▶ [Data section]:
·····
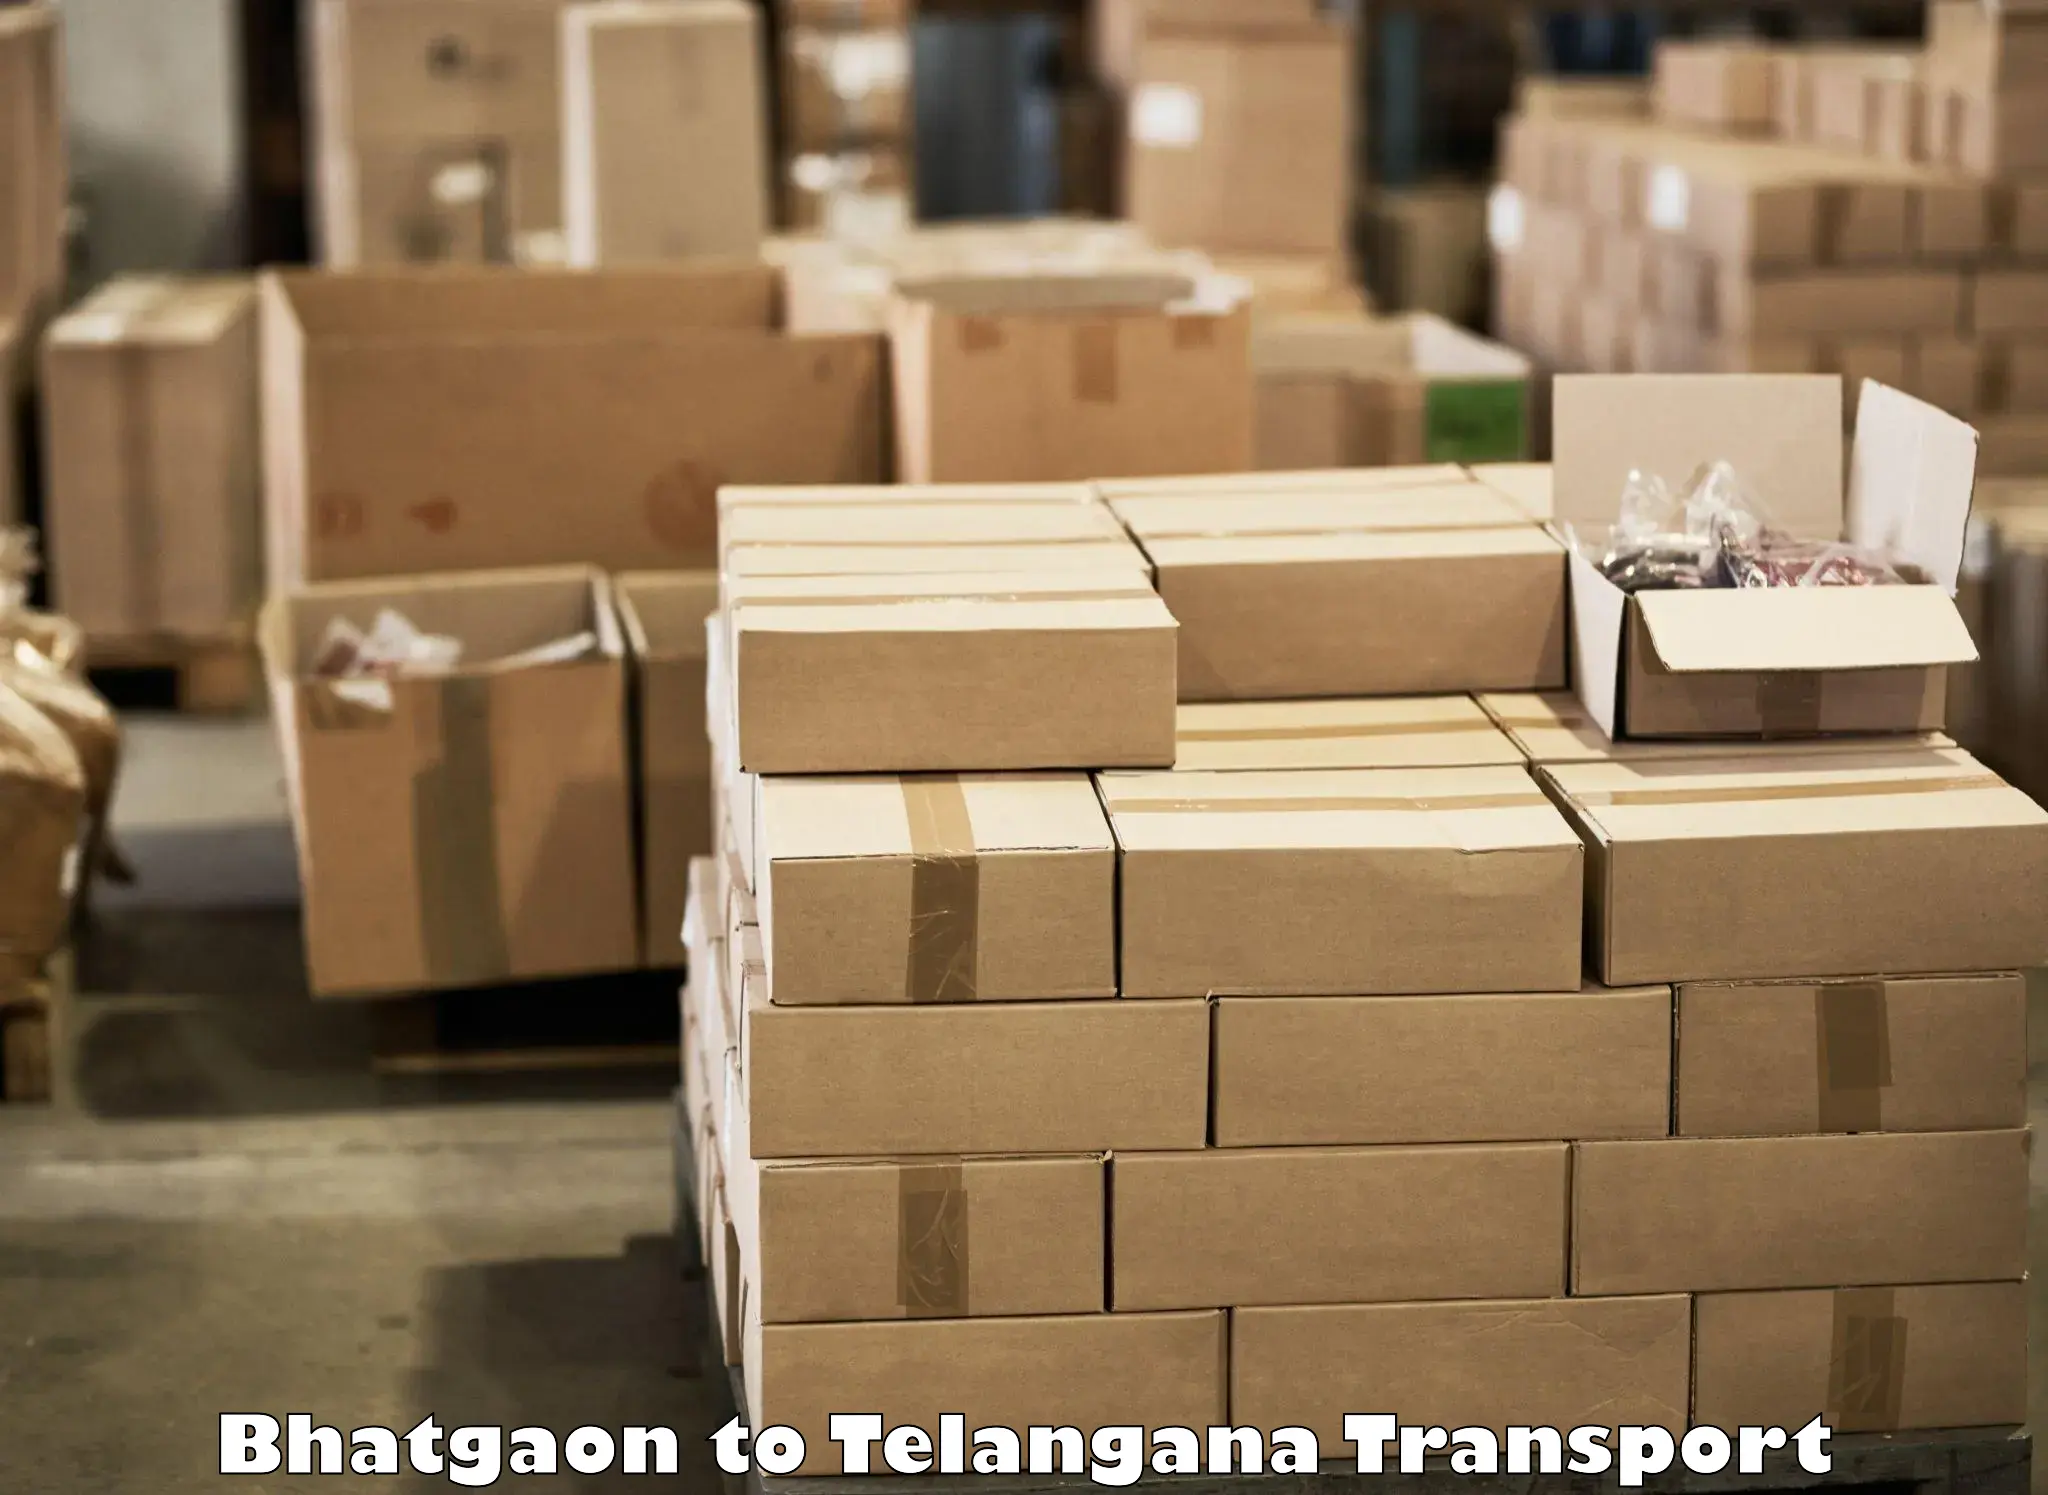 Furniture transport service Bhatgaon to Yellareddipet
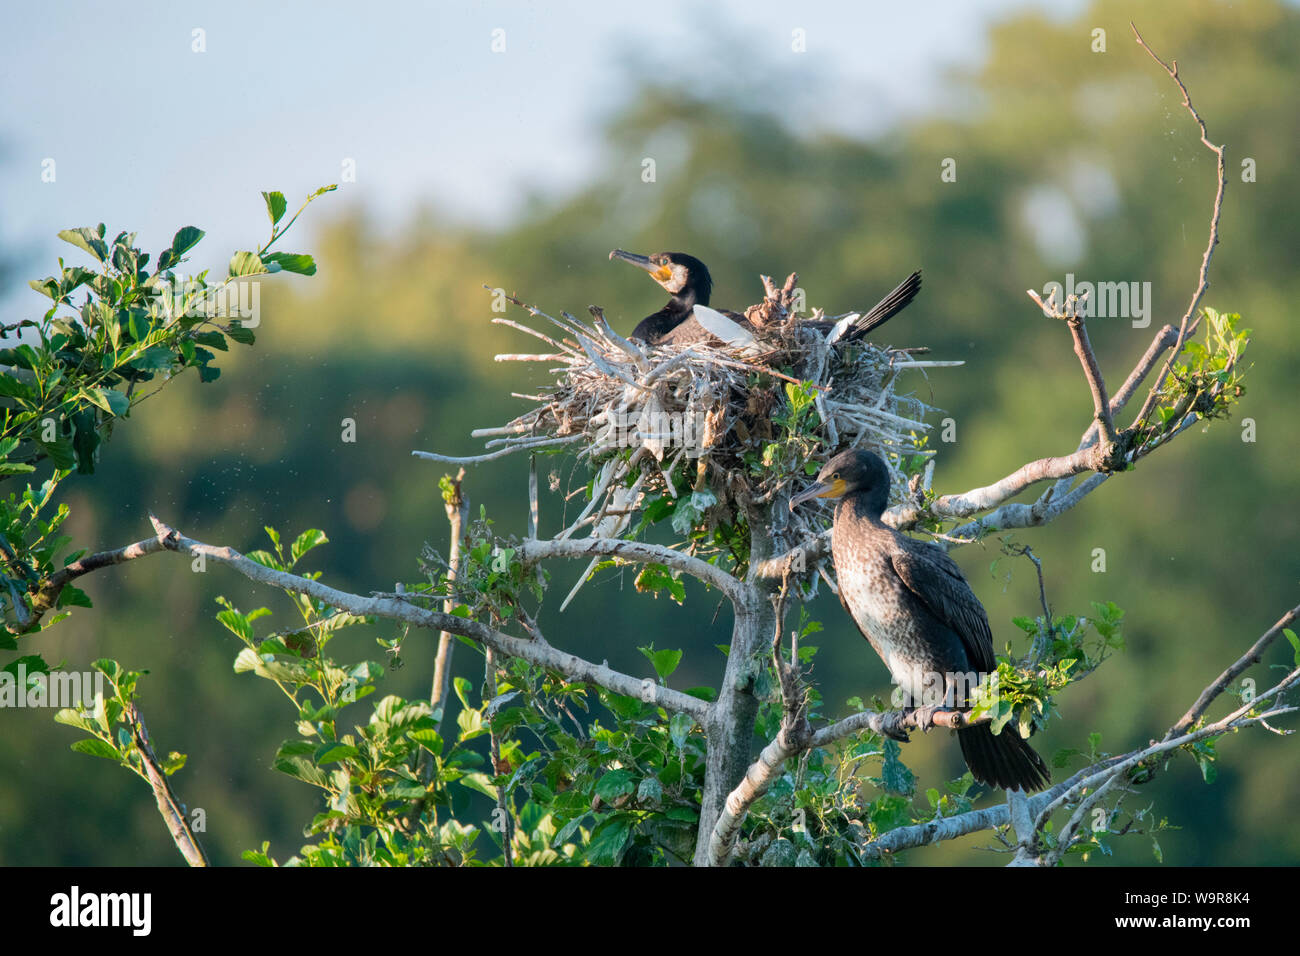 Grands cormorans, couple au nid dans la réserve naturelle, réserve d'oiseaux de la région salon Heisinger Bogen, Essen, Rhénanie du Nord-Westphalie, Europe, (Phalacrocorax carbo) Banque D'Images
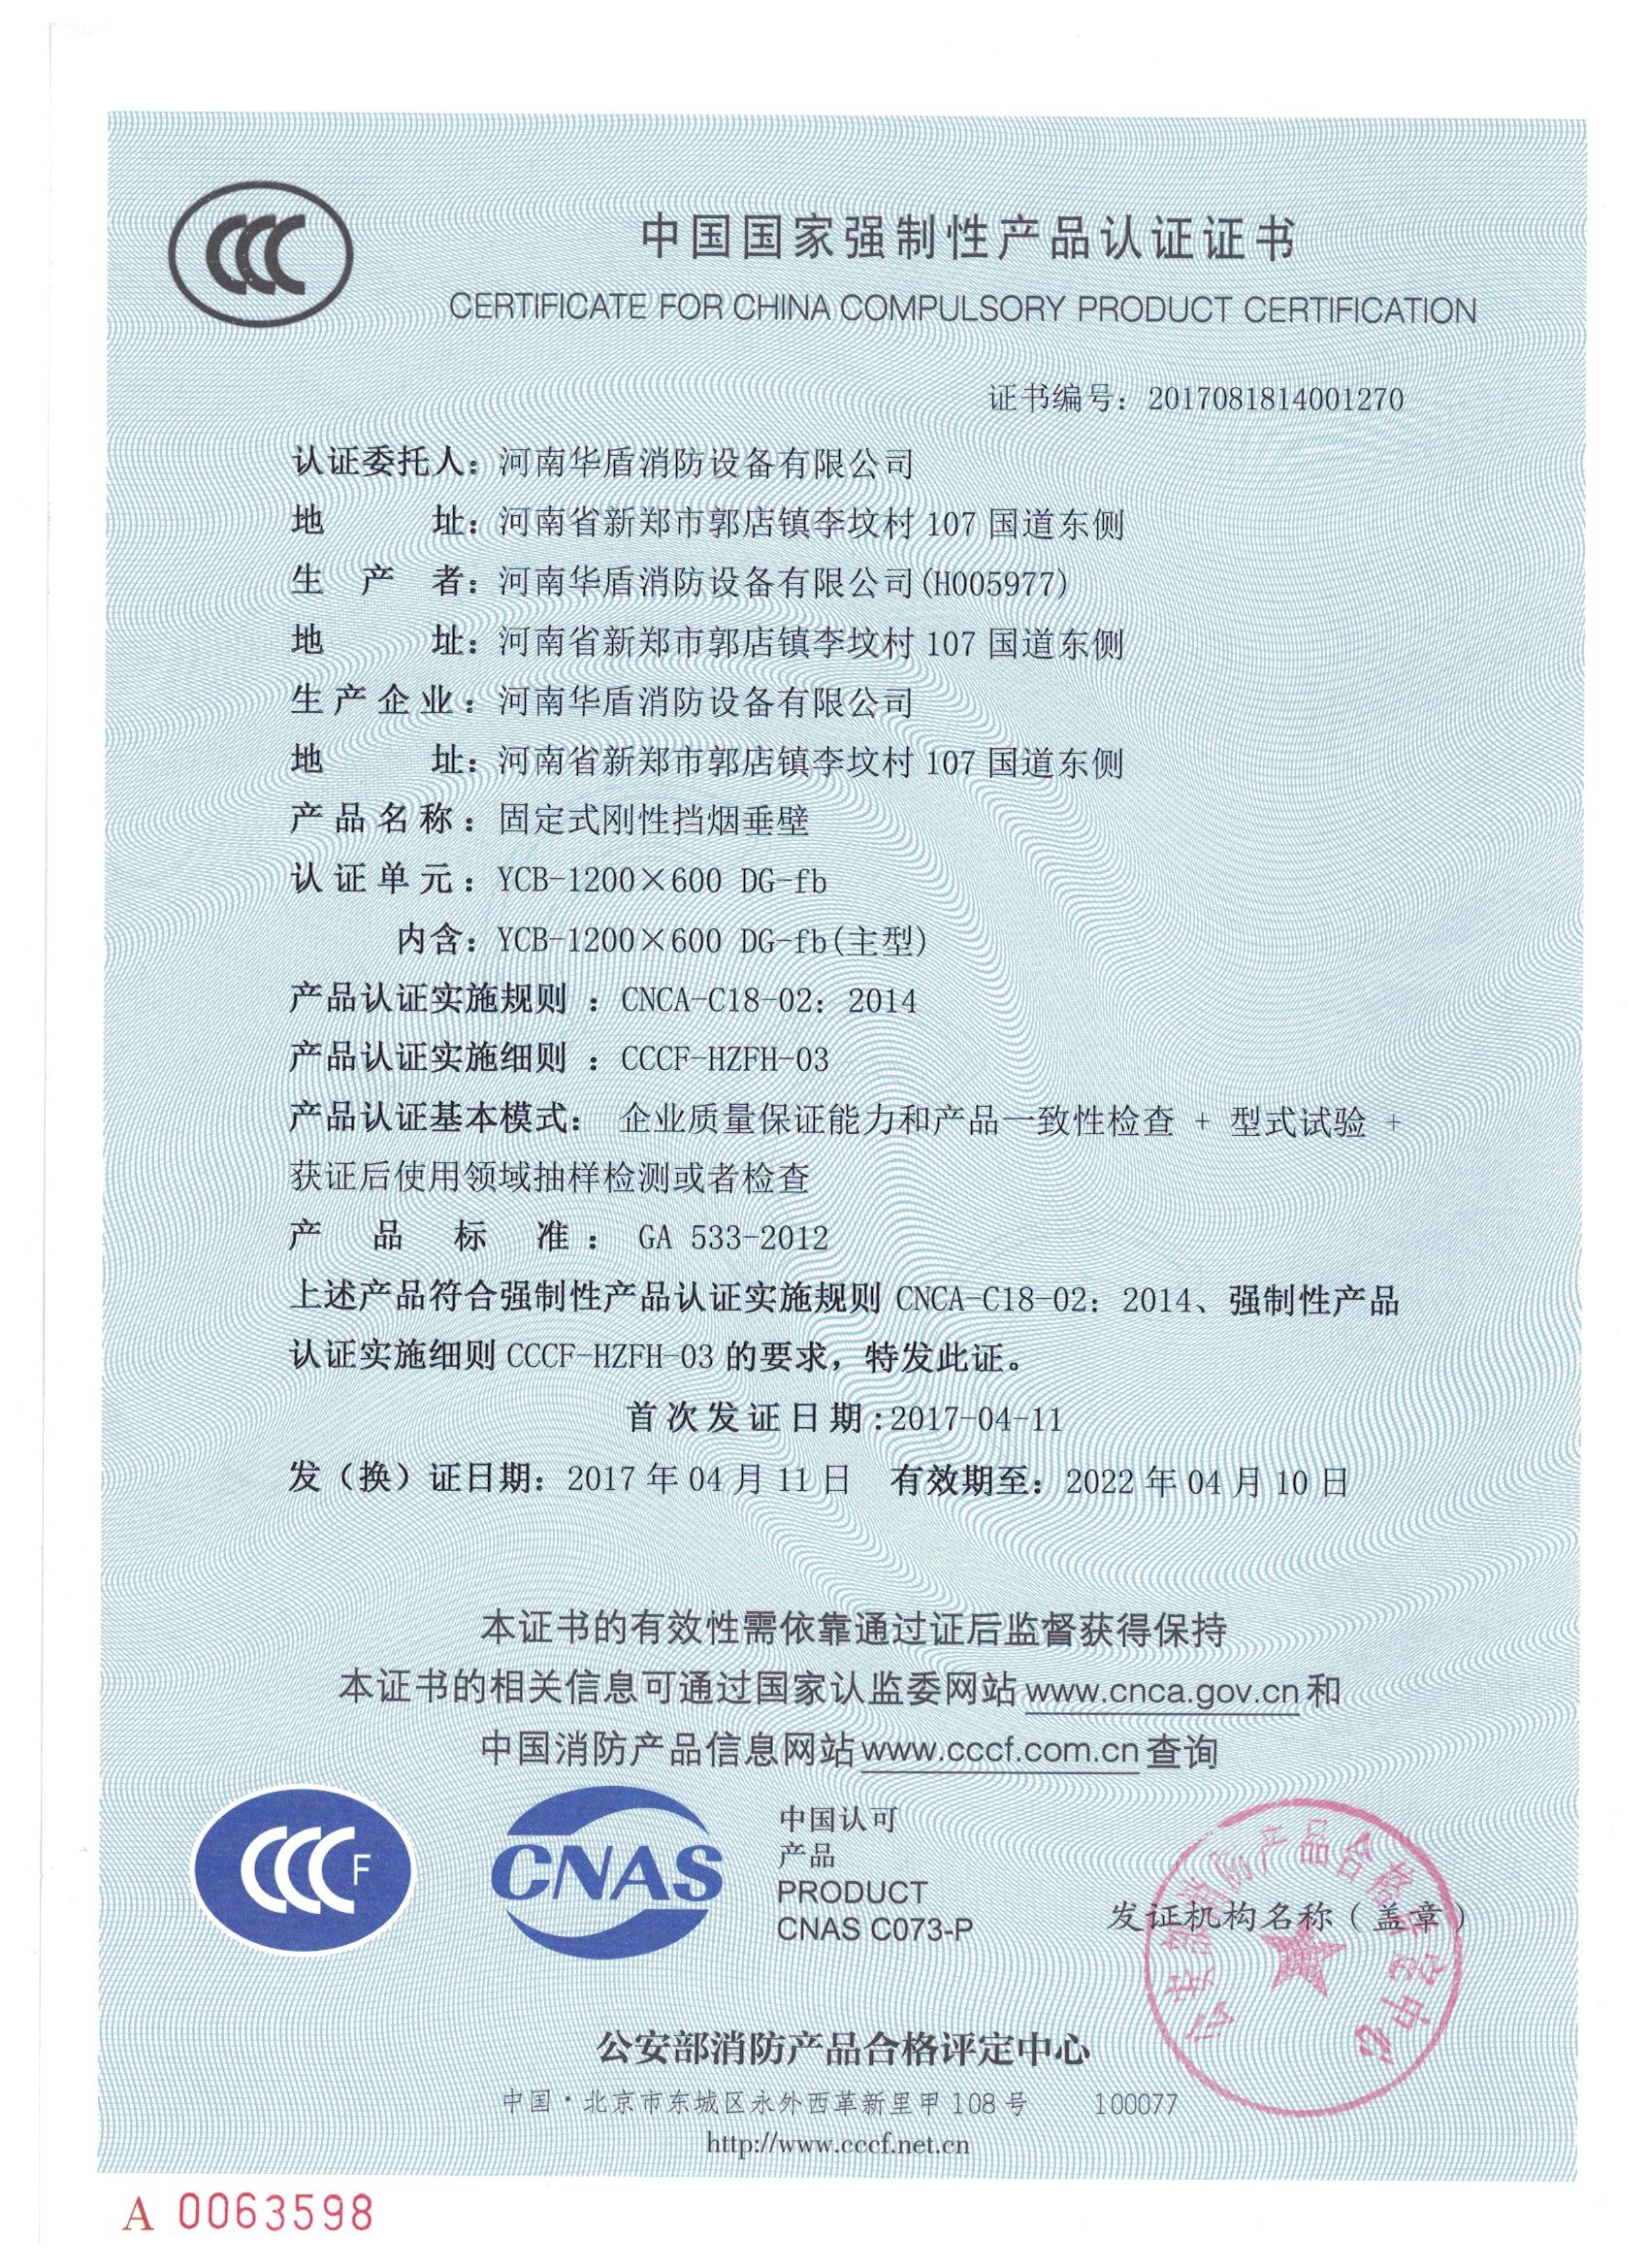 YCB-1200X600 DG-fb-3C证书
·····
▶ [Exercise directions]:
Could you give back the full listing word for word, leaving out the images?

▶ [Task solution]:
 Furniture transport service Bhatgaon to Yellareddipet
 Grands cormorans, couple au nid dans la réserve naturelle, réserve d'oiseaux de la région salon Heisinger Bogen, Essen, Rhénanie du Nord-Westphalie, Europe, (Phalacrocorax carbo) Banque D'Images
 YCB-1200X600 DG-fb-3C证书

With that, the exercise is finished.